В такие минуты Антон Павлович возвышался над двориком, как капитан в рубке возвышается над форштевнем океанского лайнера.

Над форштевнем двора Антон Павлович нависал зимой, нависал летом, нависал осенью, в ноябрьские сумерки и Рождество.

Порывистый северо-западный ветер был непредсказуем. Северо-восточный относил плевок в сторону песочницы. Юго-восточный означал, что плевать следует сразу после появления из-под арки тени идущего. Каждый такой плевок Антон Павлович производил не от презрения к отдельному человеку (его еще было не видно), но от неприязни ко всему человечеству. А от человечества Антон Павлович не ждал ничего хорошего.

Стихия боролась с Антоном Павловичем, а Антон Павлович боролся со стихией, отдельным человеком и человечеством в целом, доставляя себе ни с чем не сравнимое удовольствие. Это ни с чем не сравнимое удовольствие он доставлял себе, не нанося никому видимого вреда. Оплеванный пешеход беспечно устремлялся дальше, Антон Павлович провожал его торжествующим взглядом.

Совершив пару попаданий против одного промаха, Антон Павлович, бодро насвистывая, отправлялся завтракать. Проигравшись вчистую, Антон Павлович садился к столу мрачный, ел без аппетита яйцо и уходил к себе, раздраженно звеня ложечкой в чае.

Здороваясь в парадном с консьержкой, проходя мимо стайки знакомых старушек в парке, стоя в очереди за хлебом или сталкиваясь с соседом на лестничной клетке, Антон Павлович вежливо здоровался и улыбался, слегка приподнимая край шляпы. Без шляпы Антон Павлович не выходил. Улыбка Антона Павловича говорила: «Здорово, приятель! Веду шесть ноль. Эх ты, лысина!» Или она говорила: «Погоди у меня, торопыга, будет тебе еще не такой каркаракуль!»

Оплеванные соседи улыбались Антону Павловичу в ответ.

«Антон Павлович, дорогой!

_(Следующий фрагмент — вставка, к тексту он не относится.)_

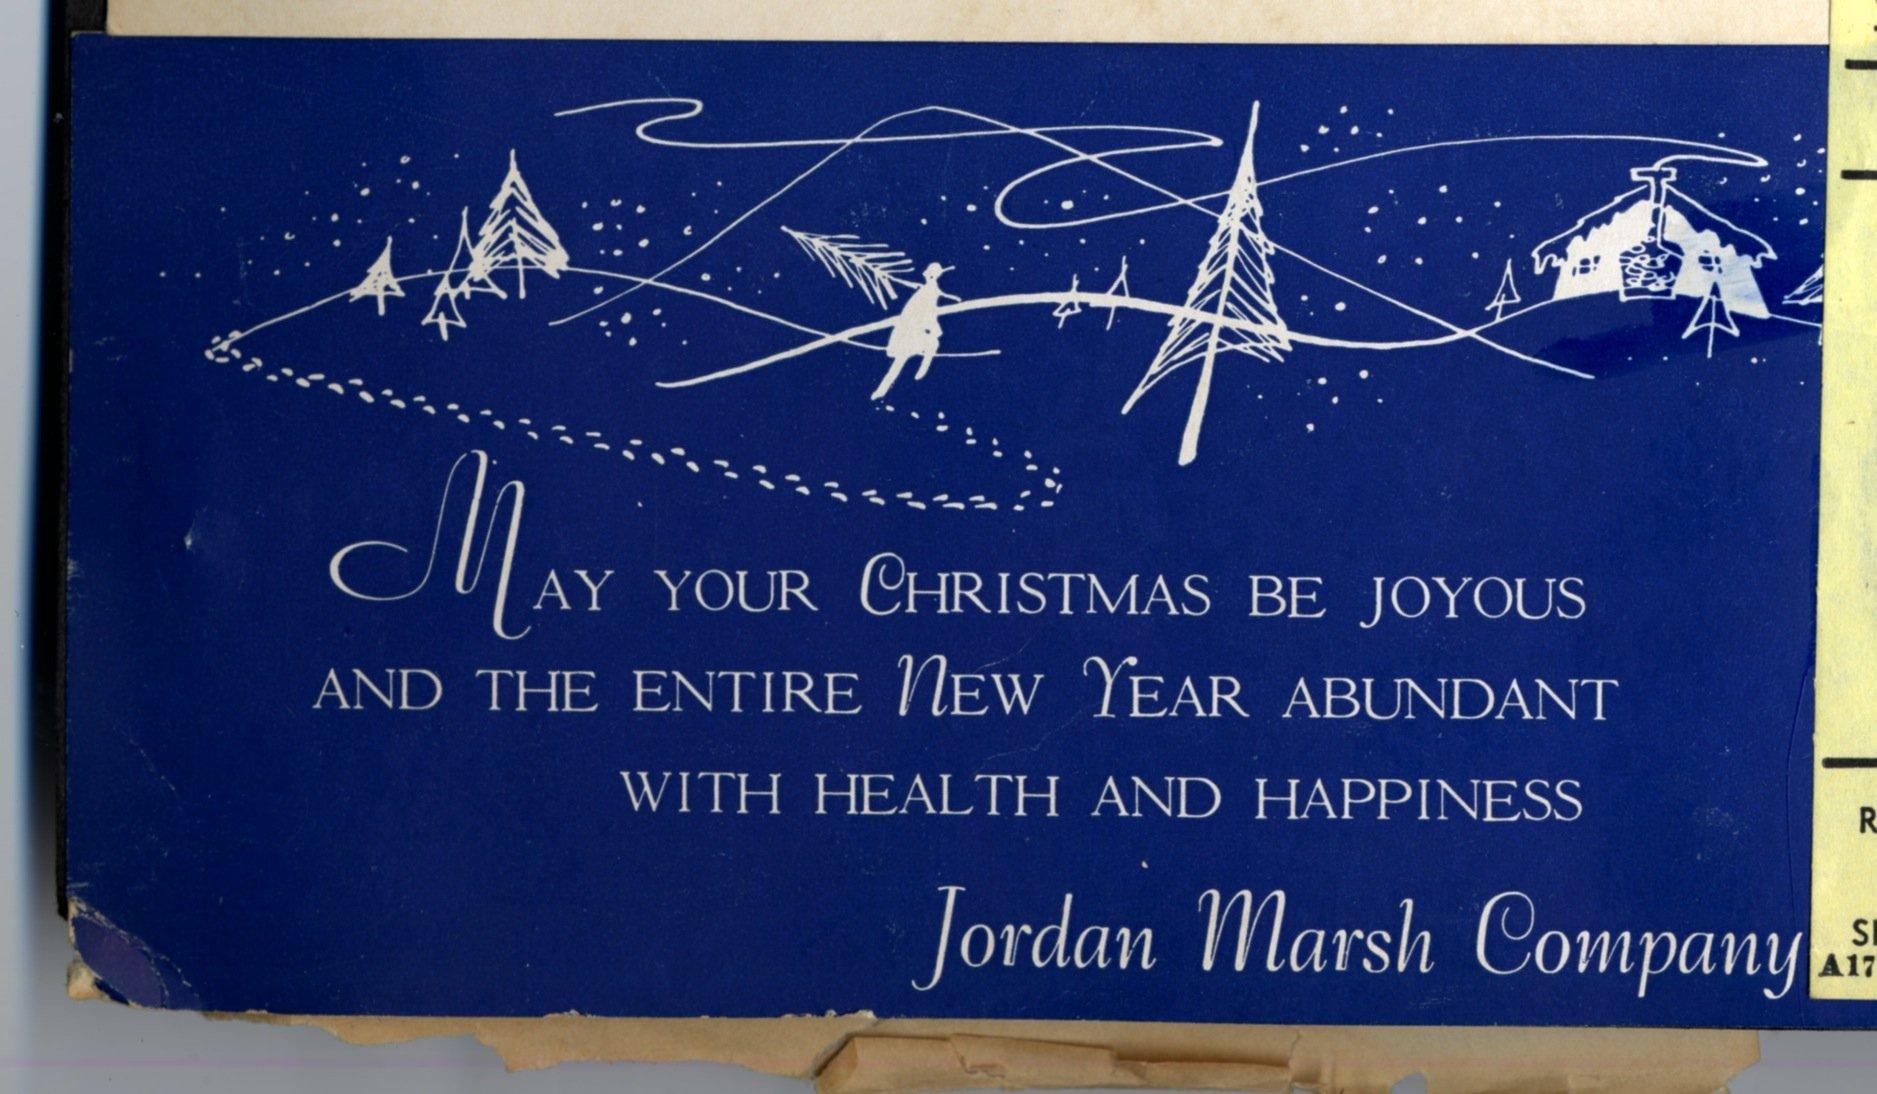 Christmas card photo creator xmast 1 edith hornik beer digital scrapbook jordan marsh company m4hsunfo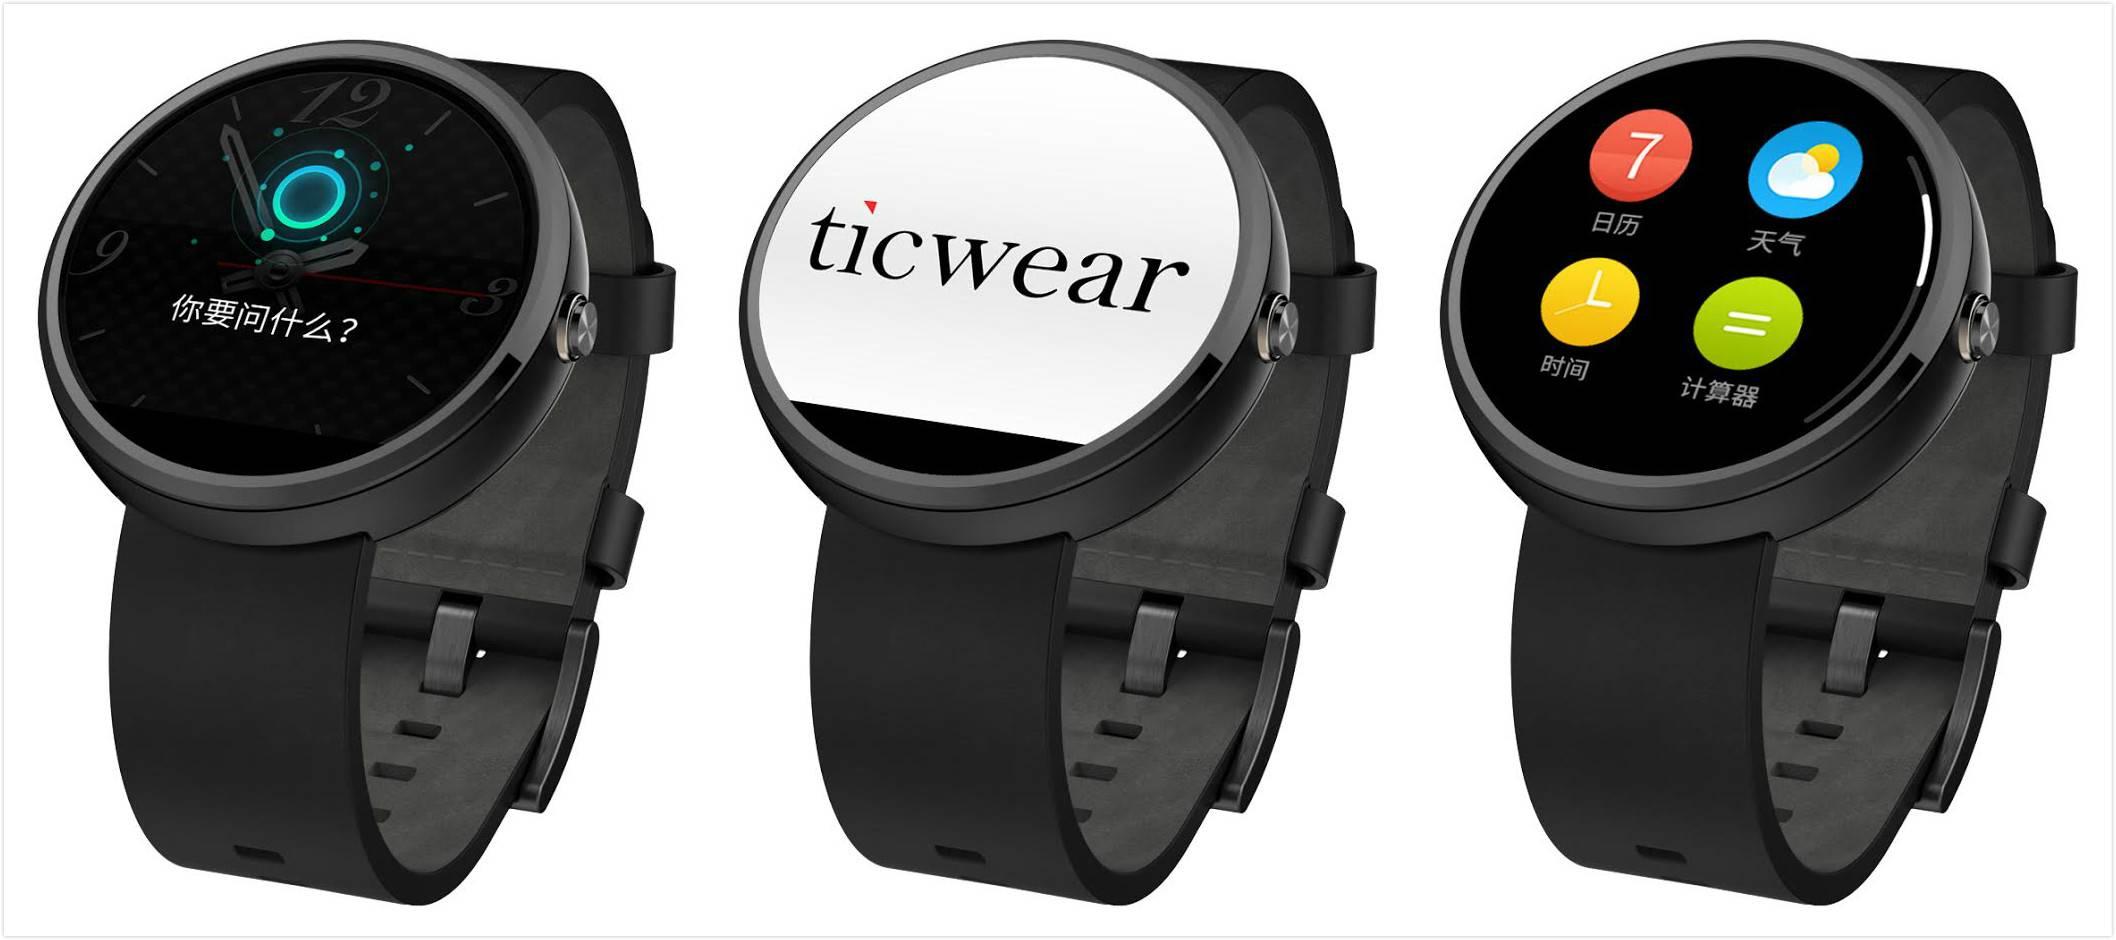 ticwear-showcase-image

Как продвигается книга?» – говорили они.

«Я тебе покажу – продвигается!» – думал Антон Павлович, улыбаясь.

«Антон Павлович, милый, ваша последняя книга – это просто апофеоз!» – говорили они.

«Я тебе покажу – апофеоз!» – думал Антон Павлович, улыбаясь.

«Антон Павлович, оплатите, пожалуйста, пятьдесят рублей за домофон», – говорили они.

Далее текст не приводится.